Here is an update of stocks I like* for my own portfolio at the right price.

Those under the dashed line are businesses I like but prevailing prices have become too expensive. Some are just barely above but the objective should be, of course to buy them well below.

Unfortunately, most of the stocks are now below that line.

Kraft (KFT) continues to be held back by it's bid for Cadbury (CBY) so it's price has remained reasonable.

I've added NSC and MCD to the list. Neither are great bargains right now but NSC is a good alternative to BNI and MCD is one of the great global franchises. I've removed BNI from the list due to Berkshire Hathaway's pending acquisition.

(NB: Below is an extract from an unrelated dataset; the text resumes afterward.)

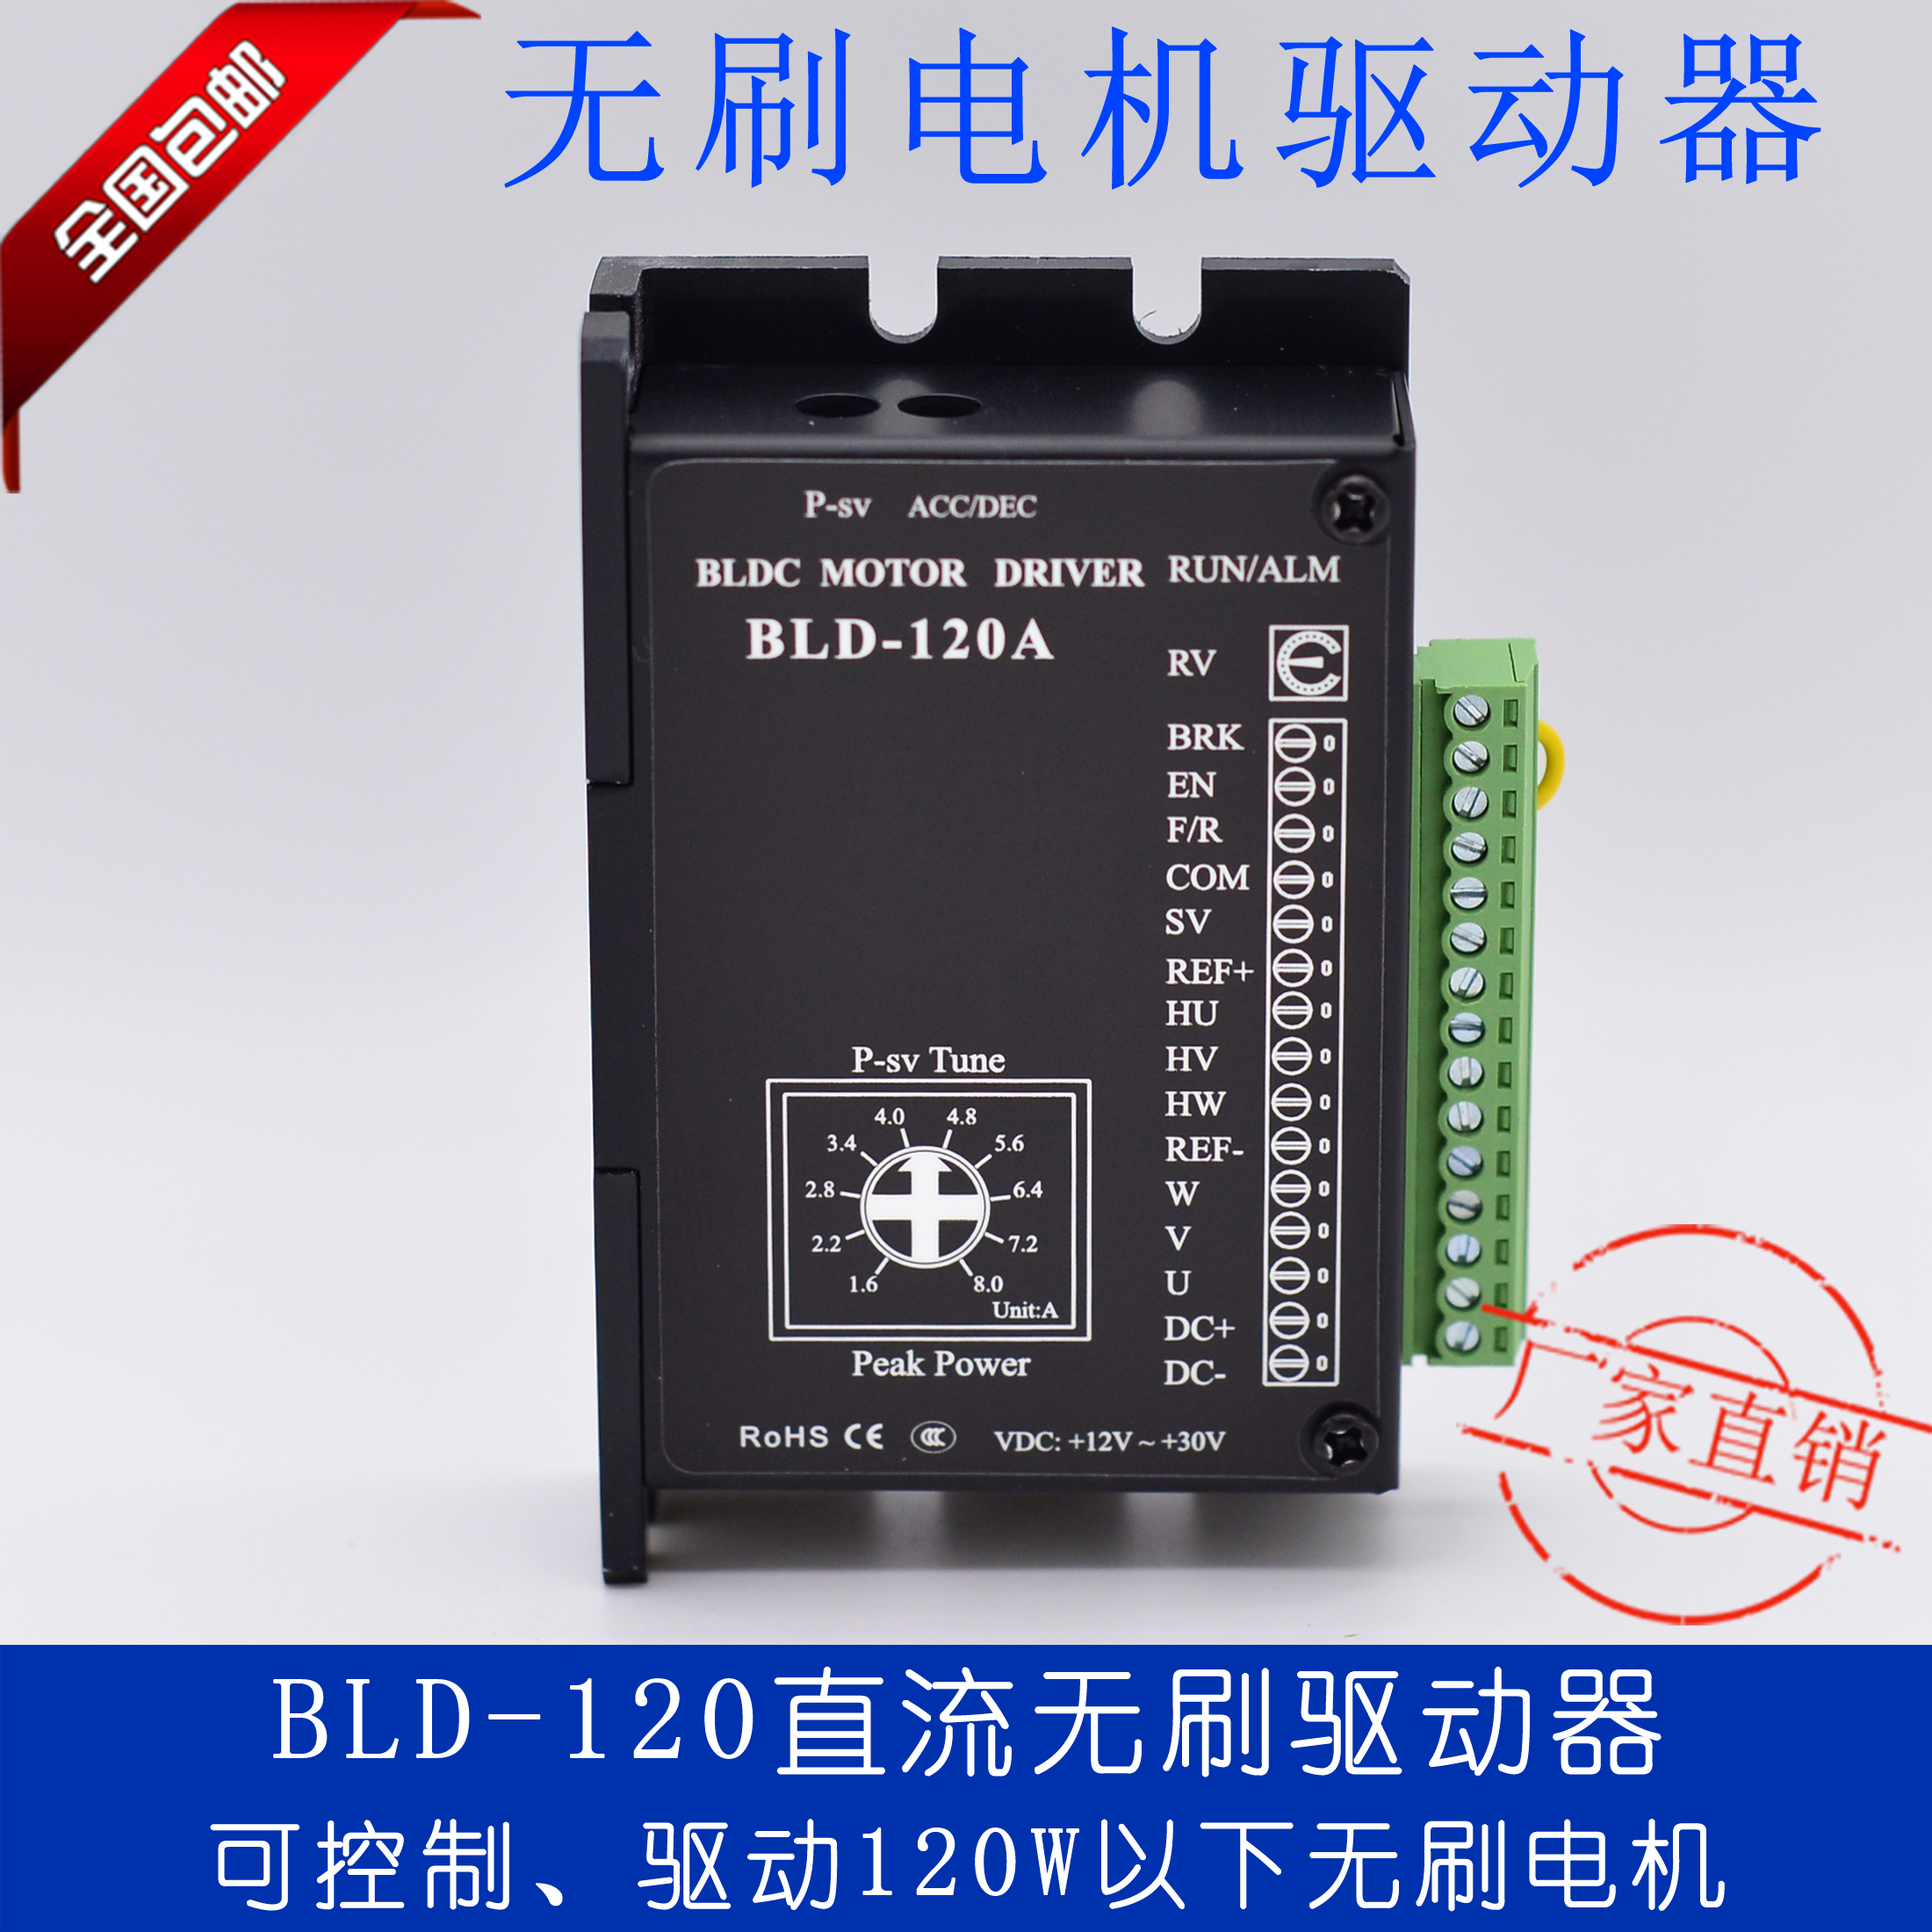 BLD-120A通用款三相直流无刷驱动器 可驱动120W以下无刷霍尔电机

As always, the stocks in bold have two things in common. They are:

1) currently owned by Berkshire Hathaway (as of 9/30/09) and,
2) selling below the price that Warren Buffett paid in the past few years.

There are several other Berkshire Hathaway holdings on this list but they don't have the 2nd thing going for them.

These are all intended to be long-term investments. A ten year horizon or longer. No trades here.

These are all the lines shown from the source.